Of course we were following our usual cheapskate option and camping in the free and very pretty Old Ford Reserve in the Megalong Valley. Overlooking a creek for a cooling dip and in a very peaceful spot, we loved it.

There is a steep and winding road down from Blackheath into this very scenic valley, especially beautiful in the evening when the setting sun lights up the escarpment faces in brilliant reds and oranges.

DAY 1
Wentworth Falls to Gordon’s Picnic area (Leura)
11 km

If arriving by train at Wentworth Falls, a quick left past the shops and cafes – I can recommend the Fed – and then a right will lead to the Charles Darwin walk which starts at little Wilson Park – this is also where the Grand Cliff Top Walk starts.

It all starts with Darwin!

There is a ceremonial wall and some information boards. Charles Darwin walked along Jamison Creek in 1836 – now we were to follow in his footsteps, a path of easy boardwalks which continually criss cross the creek.

The Grand start to the Grand Cliff Top Walk!

The creek is pretty, quite narrow, with lush ferny banks. There is a good swimming hole at one memorial bridge but shortly afterwards the track is shut due to flood damage.

Jamison Creek

The detour climbs up (of course!) to Fletcher Road where signs warn that pedestrians must not stop on driveways and should give way to vehicles.

Darwin’s swimming hole?

A left on the friendlier Falls Road leads down to the Wentworth Falls Picnic area. It is actually a perfectly pleasant agapanthus lined walk under big maple trees and I even found a water trough with a tap to one end which was welcome.

A welcome trough

Once there, it is an easy matter to find one’s way back to the creek again at the beautiful Weeping Rock, where the water runs in fine rivelets.

Weeping Rock

As you follow it down, the path just gets better and better. After Queen’s Cascades the path leads on to the National Pass, a precarious cliff edge path which was hacked out by hand (and a little dynamite) in 1908.

Queen’s Cascades

It is worth following the Pass for a little way before it drops off the edge, merely to admire the superb views and the efforts required in its construction.

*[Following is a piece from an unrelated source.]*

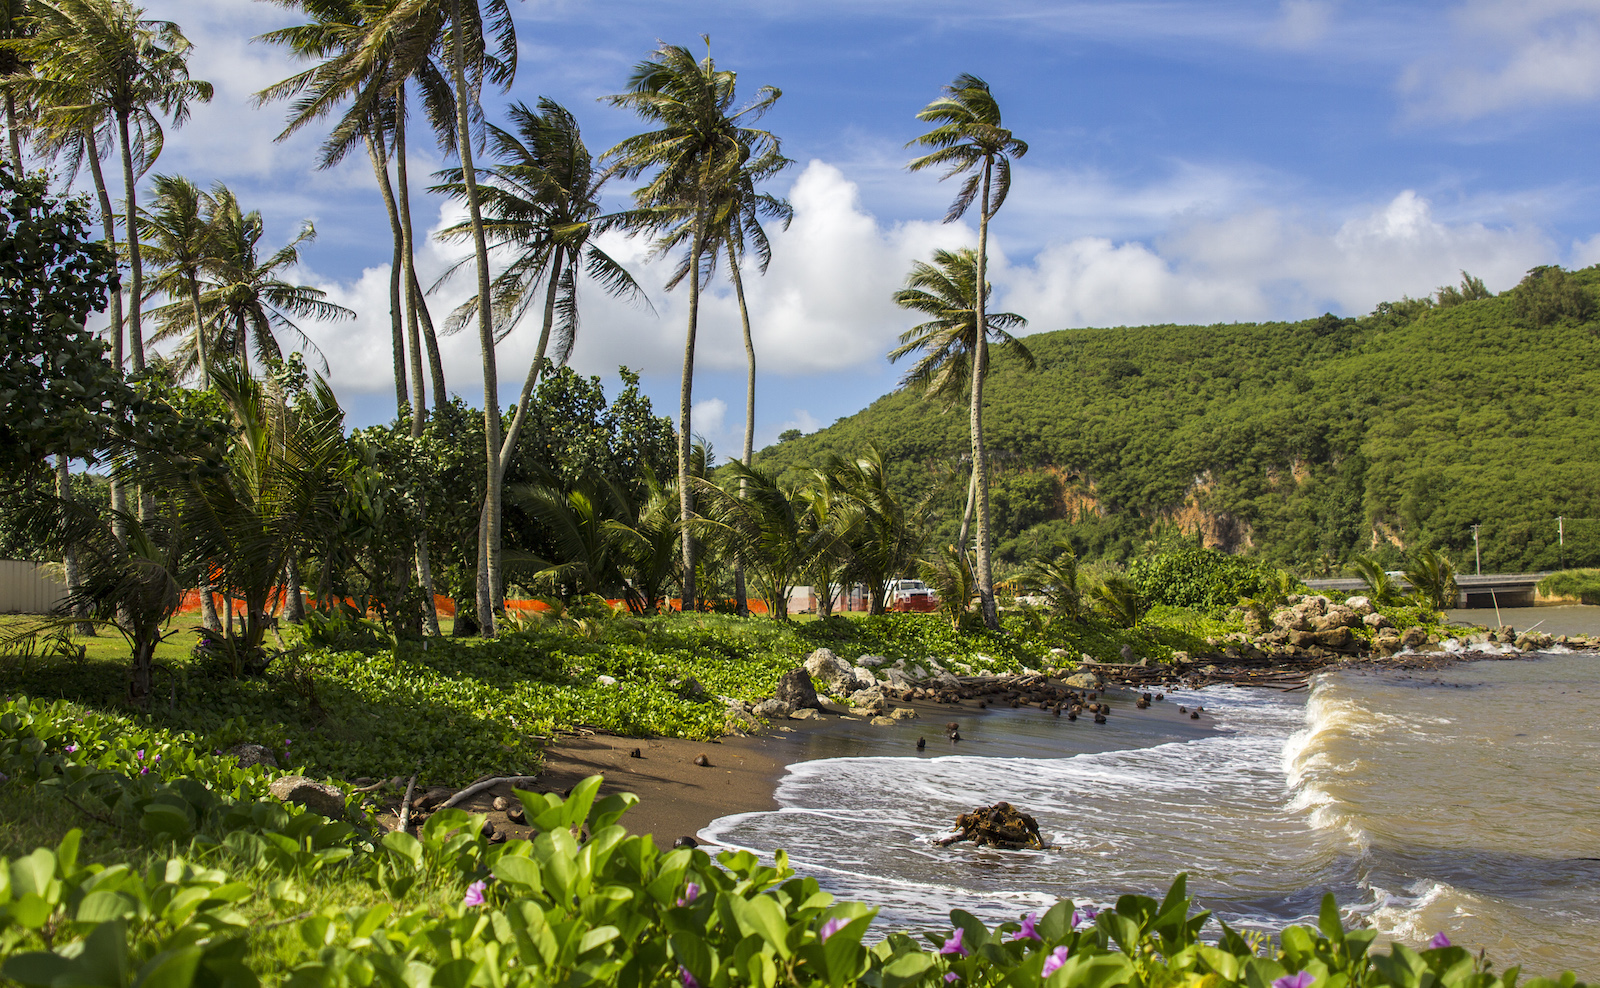 Talofofo Bay Beach Guam

Route of the National Pass

Tempting though the steep steps were, we backtracked and continued on the Undercliff Track, an incredibly beautiful route which hugged the cliff edges, a world of steep overhangs and rich colours.

Wentworth Falls

In places some of the original track still existed: huge wooden slabs laid on the path whereas these days the sandstone stepping stones seem the more popular option.

Original trackwork

We passed a little arched well, solidly built in traditional stonework, and an area where tour guides had obviously been demonstrating how aborigines mixed coloured pigments for hand painting: a diverse array of hands were displayed on the sandstone.

The Undercliff

On the landward size, there were long ranging views over unspoilt dense woodland and mountains. It was nice to think that this (bar one communications tower) was virtually the same view Darwin would have seen.

Lush vegetation

We stopped to admire Wentworth Falls before dropping down to the Den Fenella lookout, passing through a hidden, moist gully of little streams and lianas, crossing picturesque wooden bridges to end at a hidden Mount Solitary view.

Wentworth Falls

The path contued on around the cliffs on the Overcliff Track, a riot of lush greens with scattered flowers. A lyre bird ran across the trail and disappeared into a tree.

We reached the junction from where a steep 10 minute hike led up to the Conservation Hut which is rather posher – or smarter, they don’t do posh in Australia – than its name suggests.

Den Fenella lookout

Airy verandahs frame a central atrium and feeling deserving of lunch by this stage we tucked into colourful mango smoothies, burgers, and a prawn and lobster roll for me. Yellow tailed black cockatoos flew past – the track is marked by an icon of the bird drawn by an aborigine artist. Smaller birds flitted about the bush below us.

We’ll start with a smoothie!

A table with a grand view added to our contentment (despite the 10% weekend surcharge) and we left suitably fortified for the next section.

Lookout above Empress Falls

It was just as well we had enjoyed lunch as the next section just seemed to be endlessly and relentlessly up and down! We descended steeply from the Hut in the company of abseilers who were heading off to canyon to Empress Falls.

Down to Empress Falls

Empress Falls is one of the more popular walks in the park. It was a 10 minute detour from our route – but a vertical one and we felt every metre on the way back up. It emerges from a narrow cleft and falls 30 m in pretty tiers amidst damp forested sides.

Empress Falls

If you can get close – don’t come at weekends – the top pool is an idyllic spot for a wild swim.

Abseiling audience!

We retraced our steps and branched off on the Nature Walk to continue our walk. The path climbed around the mountain then dropped back into the narrow canyon which we crossed on the wooden Lillian’s Bridge.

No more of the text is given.